I’m quite surprised that speed difference is only about 1.4 (on my AMD machine with short loop).

Ok, I think I have found the problem. Replace the loops with


  private static void testB(int classes) {
    for(int i = 0; i < loop; i++) {
      ClazzB b = cB[i&0x2f];
      b.c(b.a() + b.b());
      b.z(b.x() + b.y());  
    }
  }

  private static void testA(int classes) {
    for(int i = 0; i < loop; i++) {
      ClazzA a = cA[i&0x2f];
      a.c = a.a + a.b;
      a.z = a.x + a.y;
    }
  }

We were basically measuring speed of CDQ IDIV ECX, not the field access.

Now, for the short loop, difference is 3.64 times.

Edit:
Still, there was something wrong. After changing test methods to


private static void testB(int classes) {
    
    for(int i = 0; i < loop; i++) {
      ClazzB b = cB[0];
      b.c(b.a() + b.b());
      b.z(b.x() + b.y());  
      b = cB[1];
      b.c(b.a() + b.b());
      b.z(b.x() + b.y());  
      b = cB[2];
      b.c(b.a() + b.b());
      b.z(b.x() + b.y());  
      b = cB[3];
      b.c(b.a() + b.b());
      b.z(b.x() + b.y());  
    }
  }

  private static void testA(int classes) {

    for(int i = 0; i < loop; i++) {
      ClazzA a = cA[0];
      a.c = a.a + a.b;
      a.z = a.x + a.y;
      a = cA[1];
      a.c = a.a + a.b;
      a.z = a.x + a.y;
      a = cA[2];
      a.c = a.a + a.b;
      a.z = a.x + a.y;
      a = cA[3];
      a.c = a.a + a.b;
      a.z = a.x + a.y;
    }
  }

difference is 11 -13 times, depending on jvm (5.0 or 6.0).

[quote=“abies,post:34,topic:24918”]
After I simplicied the loops, I get performance factor 1.14

Not that you do: “& 0x2F” which is 47, while there are 64 elements in the array, so it must be “& 0x3F”

I already PMed you, but you haven’t replied yet, so could you please tell my how to get that native code printed?

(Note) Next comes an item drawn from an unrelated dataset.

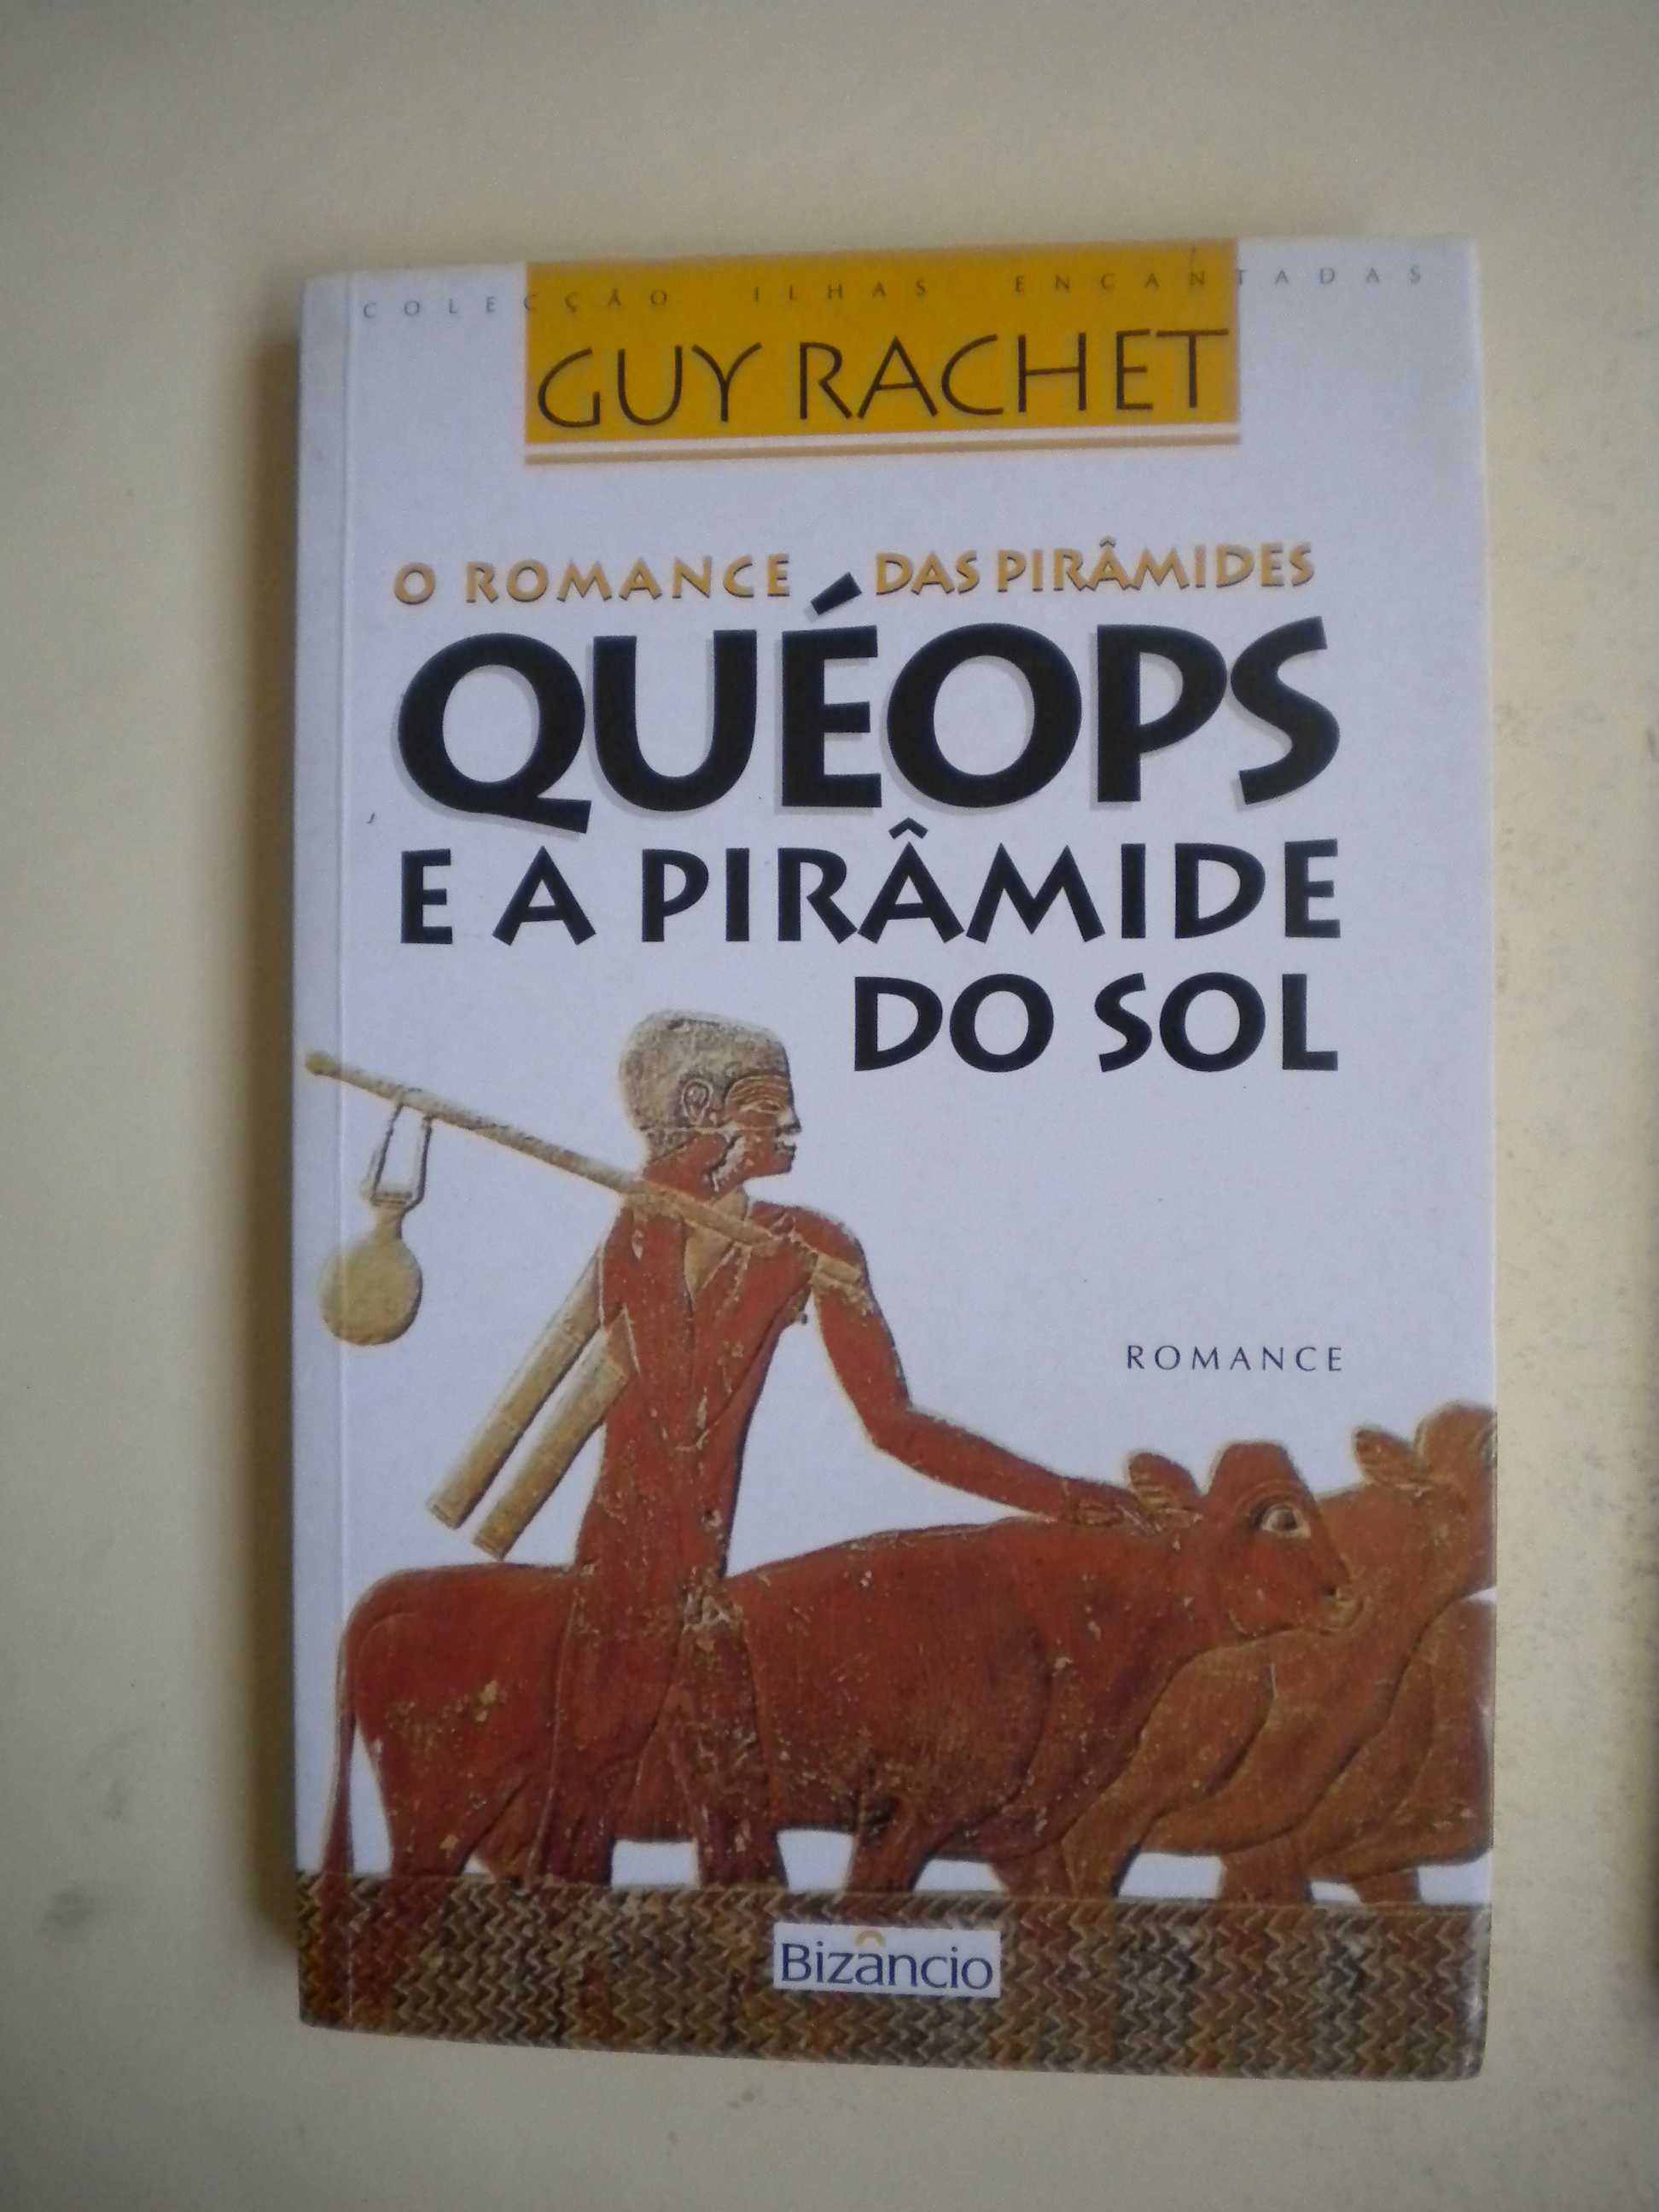 O Romance das Pirâmides
de Guy Rachet
Trilogia

Thanks.

On my system:

               for (int i = 0; i < loop; i++)
               {
                  ClazzB b = cB[i % classes];

                  b.c(b.a() + b.b());
                  b.b(b.c() + b.a());
                  b.a(b.b() - b.c());

                  b.z(b.x() + b.y());
                  b.y(b.z() + b.x());
                  b.x(b.y() - b.z());
               }

Factor = 1.14


               for (int i = 0; i < loop; i++)
               {
                  ClazzB b = cB[i & 0x3F];

                  b.c(b.a() + b.b());
                  b.b(b.c() + b.a());
                  b.a(b.b() - b.c());

                  b.z(b.x() + b.y());
                  b.y(b.z() + b.x());
                  b.x(b.y() - b.z());
               }

Factor = 1.70

So it’s :
ClazzB b = cB[i & 0x3F]; —> 1.70
ClazzB b = cB[i % classes]; —> 1.14

It seems we’re benchmarking the wrong stuff here (the managing code)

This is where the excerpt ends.